▸ Work to be completed
A word-for-word copy of the data, pictures excluded, is what this task asks for.

▸ Data shown

BEGIN

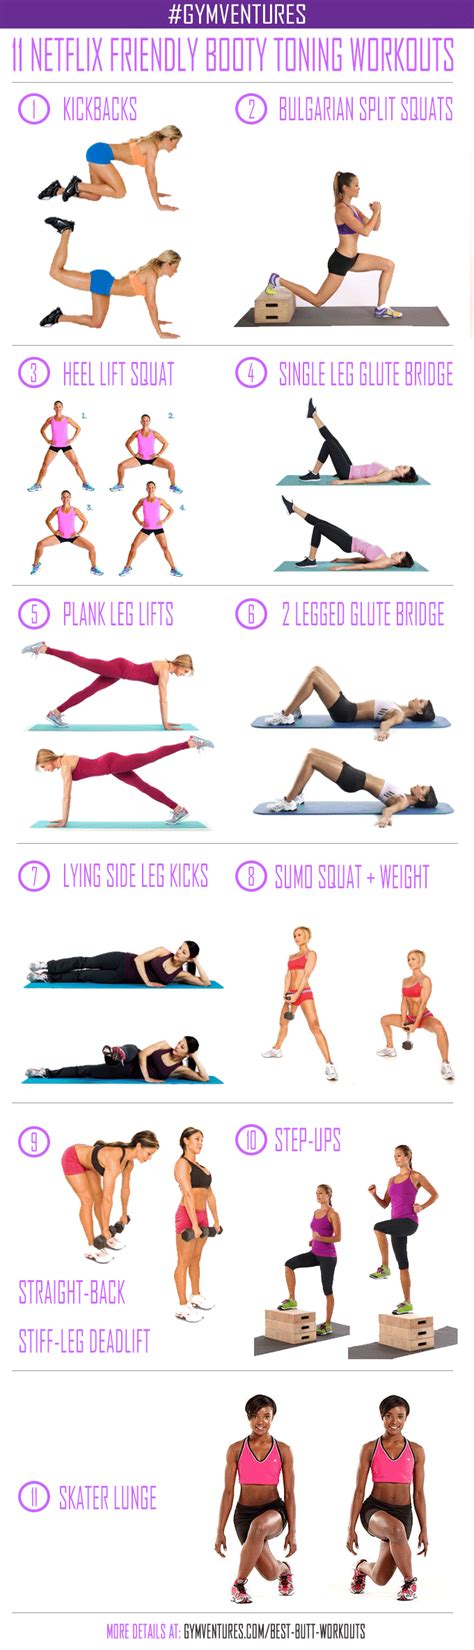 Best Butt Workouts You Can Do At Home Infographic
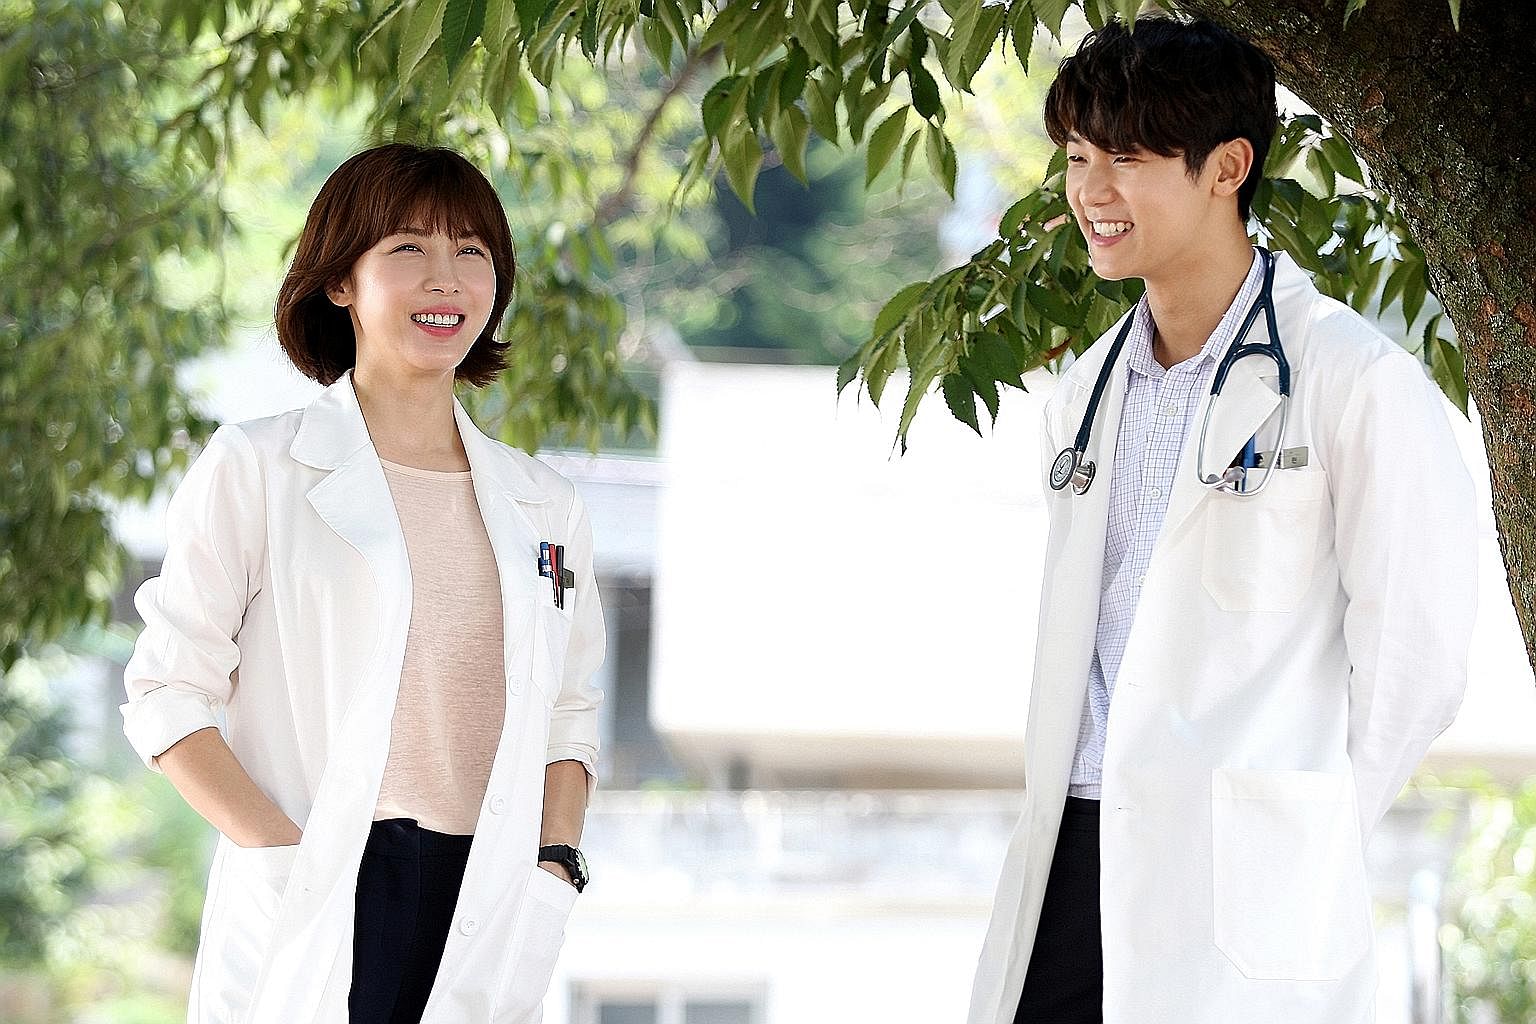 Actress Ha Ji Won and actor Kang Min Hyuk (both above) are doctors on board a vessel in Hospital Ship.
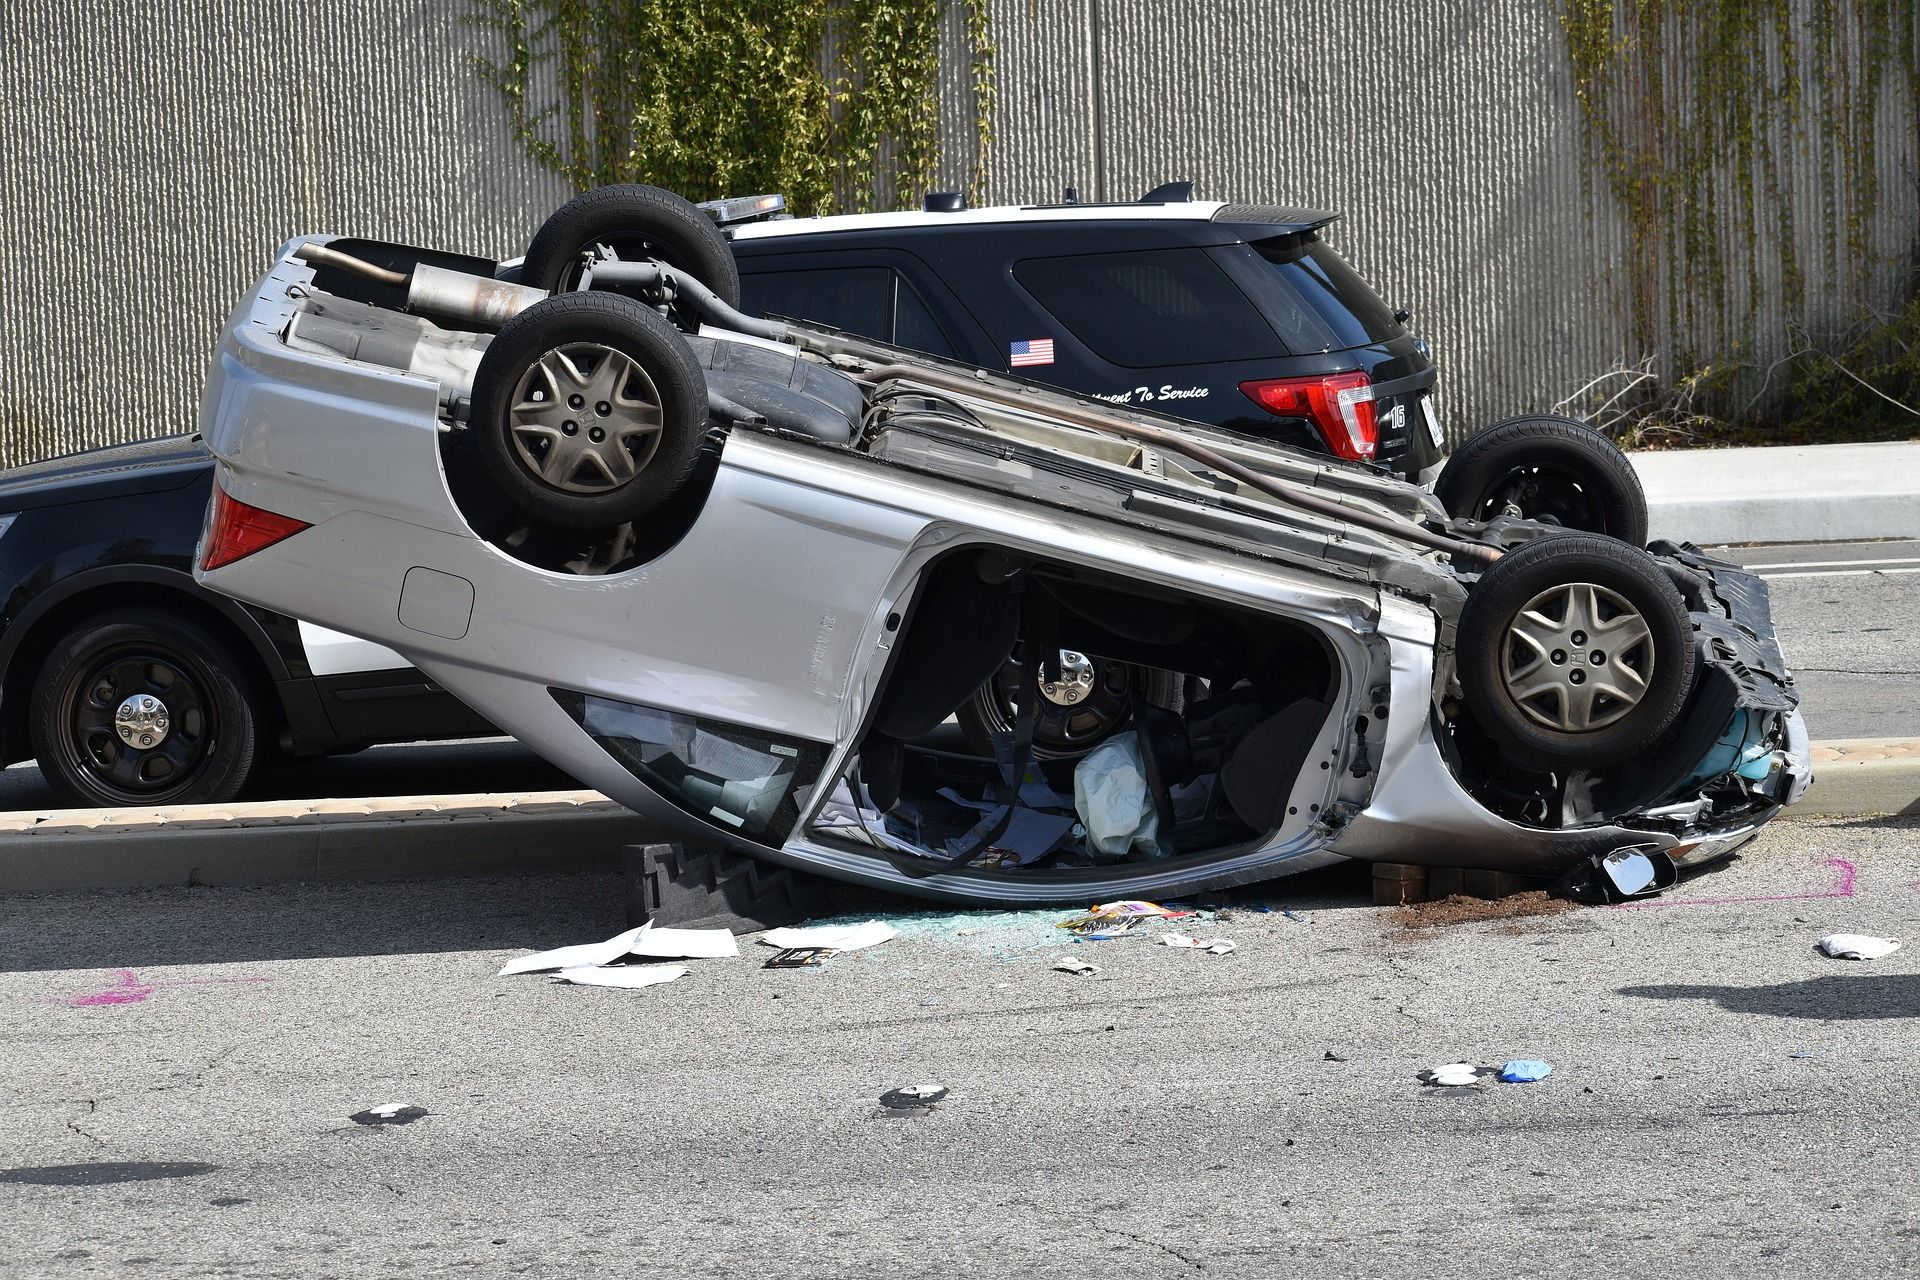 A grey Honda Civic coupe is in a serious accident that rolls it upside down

END

▸ Task output
 Best Butt Workouts You Can Do At Home Infographic
 Actress Ha Ji Won and actor Kang Min Hyuk (both above) are doctors on board a vessel in Hospital Ship.
 A grey Honda Civic coupe is in a serious accident that rolls it upside down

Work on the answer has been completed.